La loi adoptée dans l’Illinois introduit une rupture majeure : elle retire aux géants de l’IA le droit de s’auto-évaluer. L’introduction d’audits indépendants réalisés par des tiers crée un tout nouveau marché de la certification technologique. Et celui-ci sera comparable aux cabinets d’audit financier ou aux organismes de certification de type ISO.

Pour obtenir sa certification annuelle, un laboratoire d’IA doit désormais ouvrir ses portes à des experts extérieurs qui vont analyser :

  • Le « Red-Teaming » systématique : des ingénieurs en sécurité externes tentent de pousser l’IA à la faute en simulant des attaques cyber, des tentatives de manipulation psychologique ou des requêtes d’ingénierie inversée.

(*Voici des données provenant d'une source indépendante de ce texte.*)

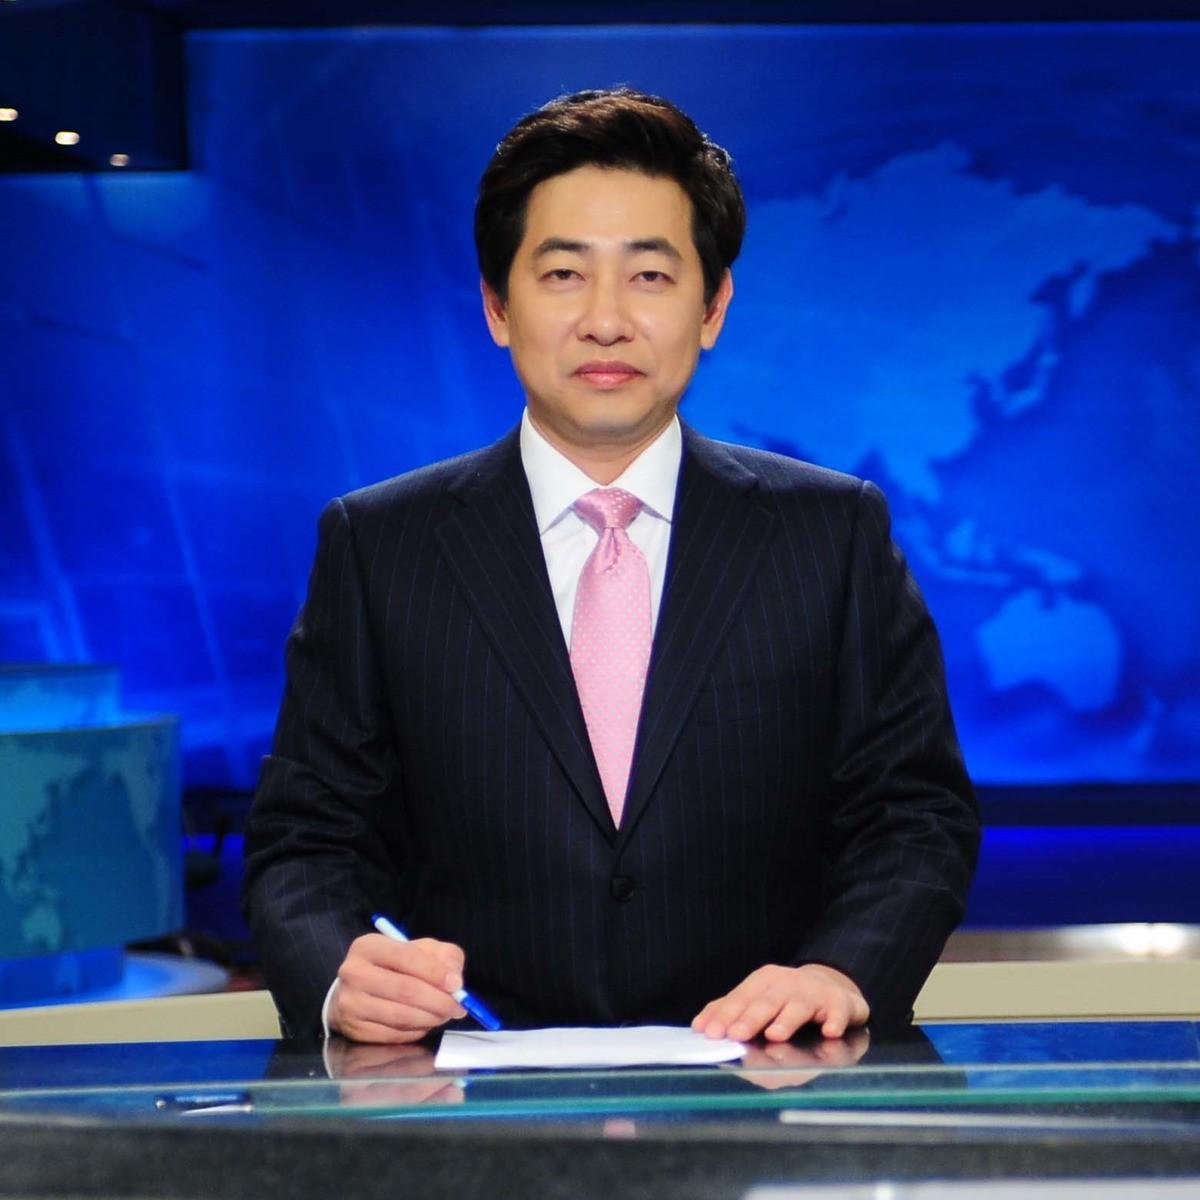 Phát thanh viên thời sự đài SBS quay lén phụ nữ trên tàu điện ngầm, bị bắt giữ vẫn chối trước đổ hết lỗi lầm do say xỉn - Ảnh 1.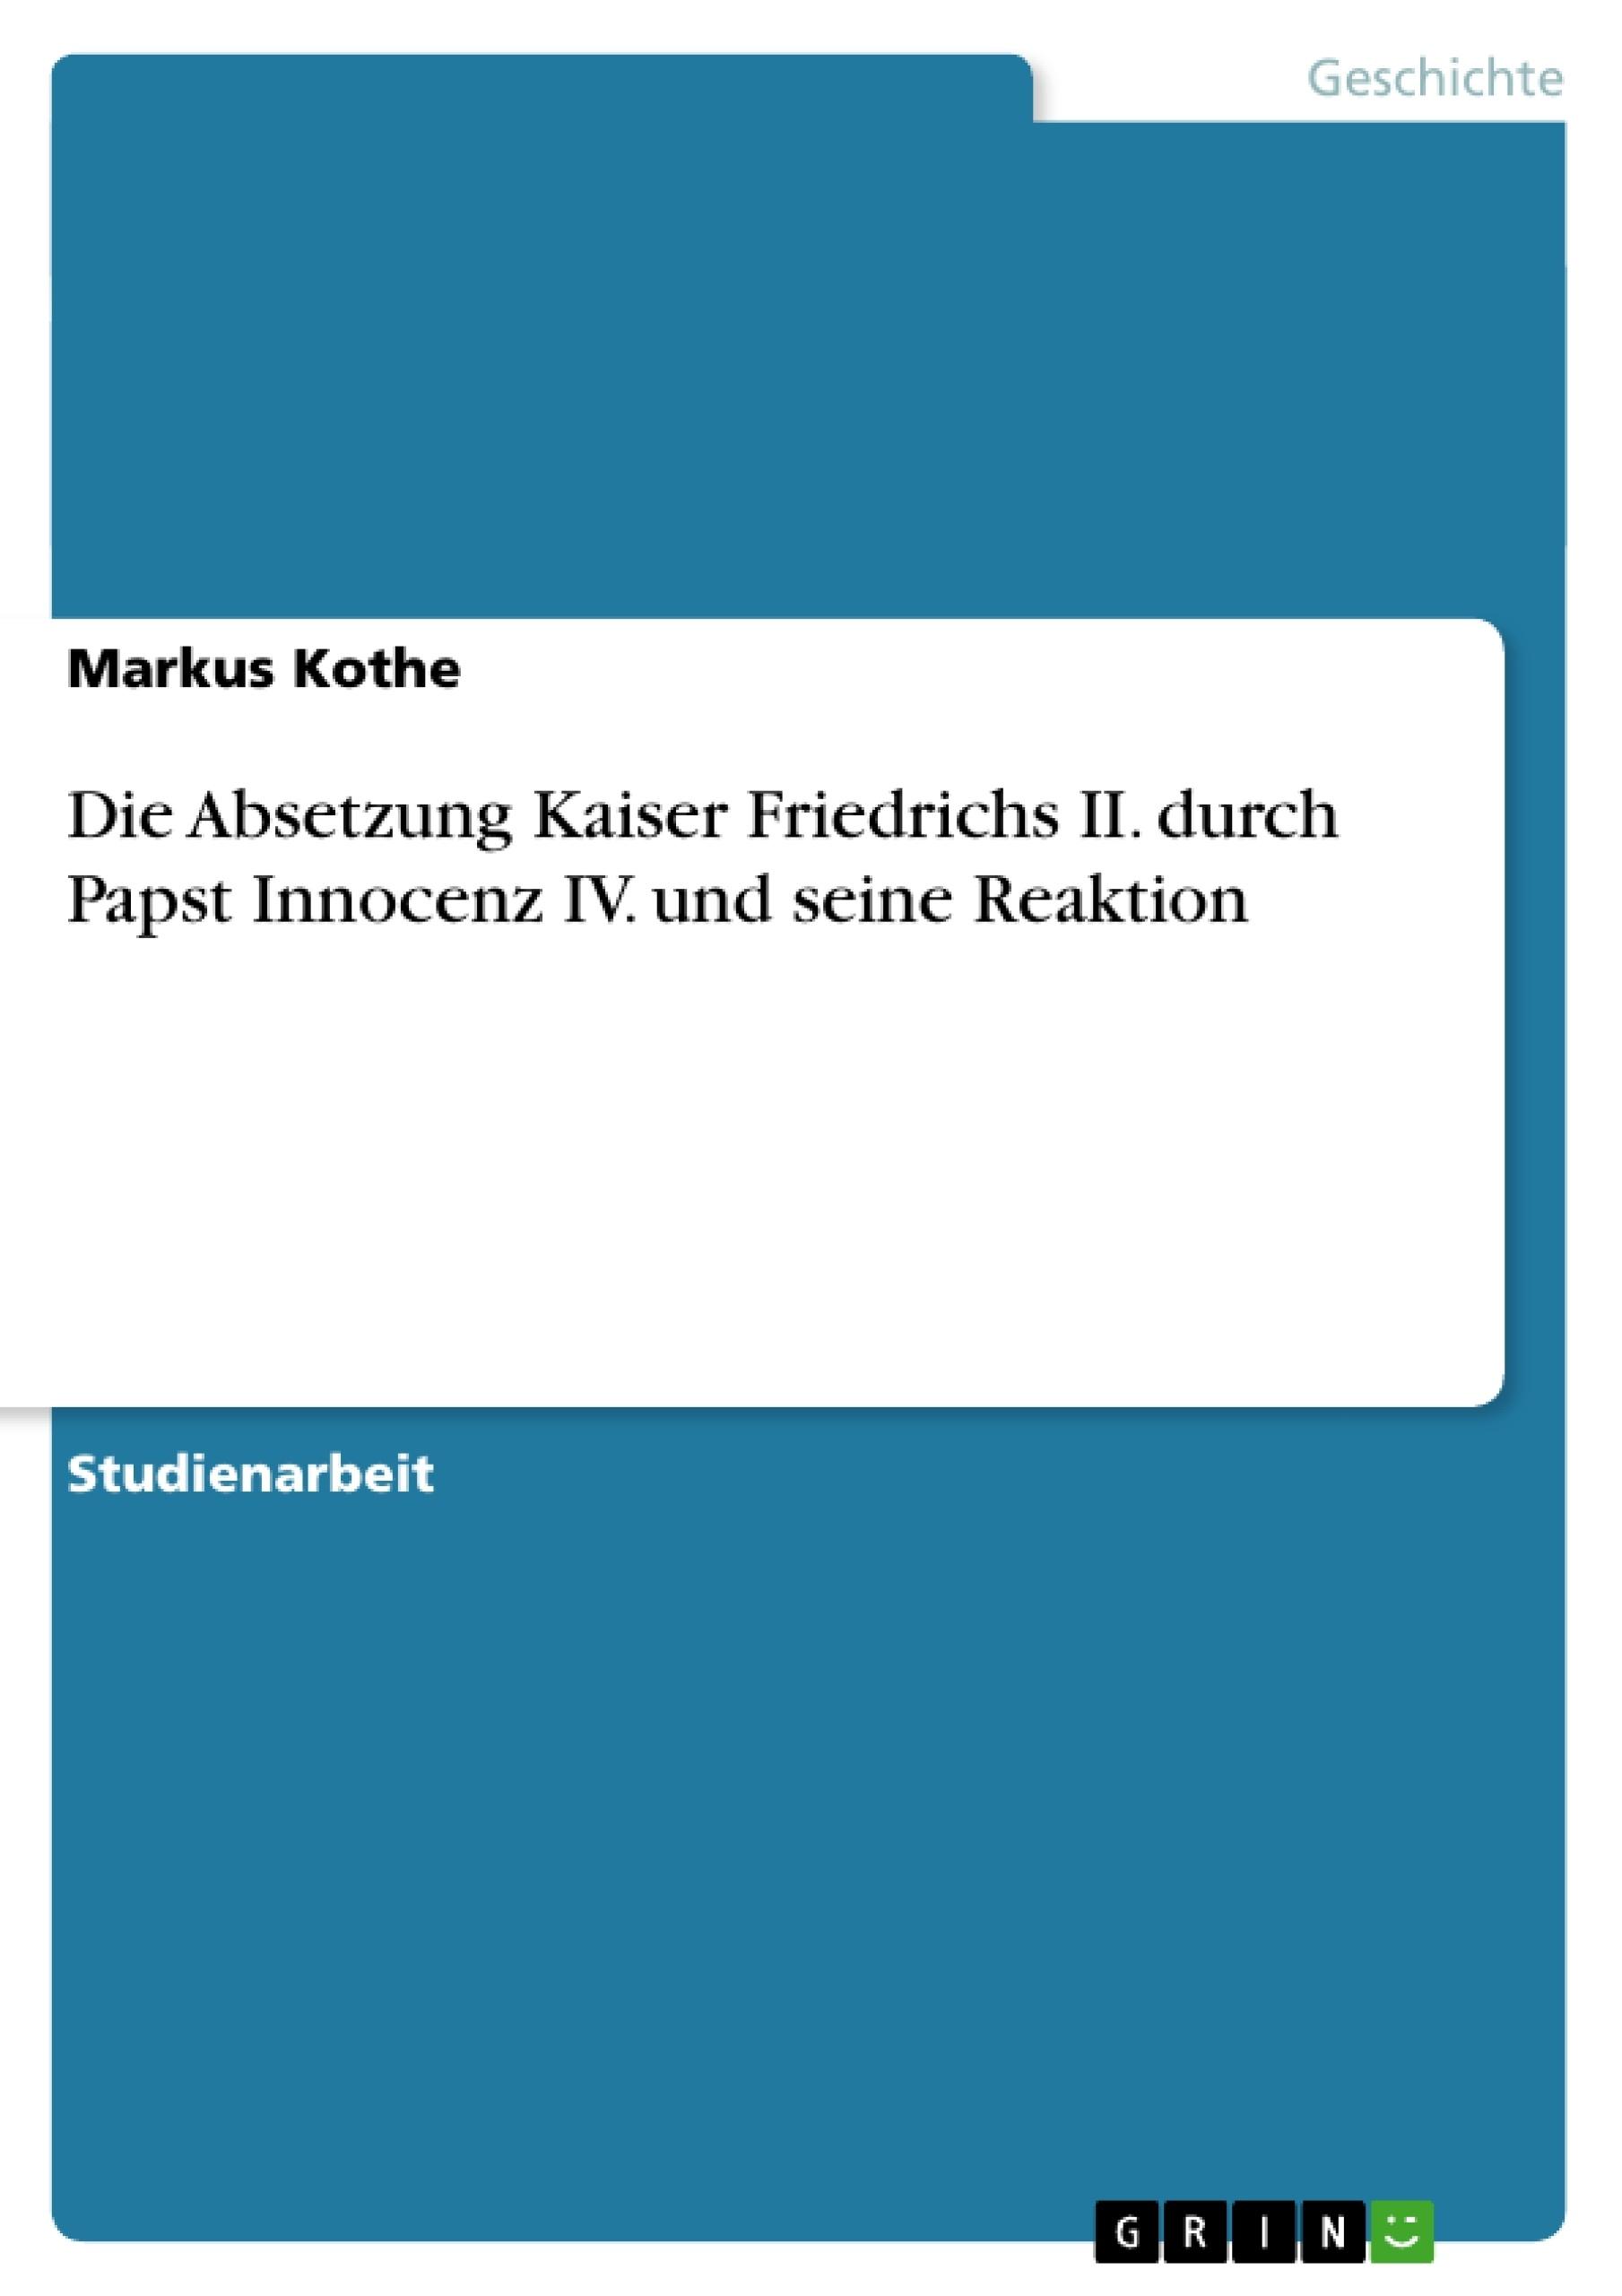 Titel: Die Absetzung Kaiser Friedrichs II. durch Papst Innocenz IV. und seine Reaktion

  • L’audit des bases d’apprentissage : les inspecteurs vérifient l’absence de données critiques hautement sensibles (formules chimiques, plans d’infrastructures critiques) dans les jeux d’entraînement du modèle.
  • L’évaluation des poids algorithmiques : l’analyse porte sur les mécanismes internes de filtrage pour s’assurer que les barrières de sécurité ne peuvent pas être désactivées après le déploiement du modèle par des techniques de contournement (jailbreak).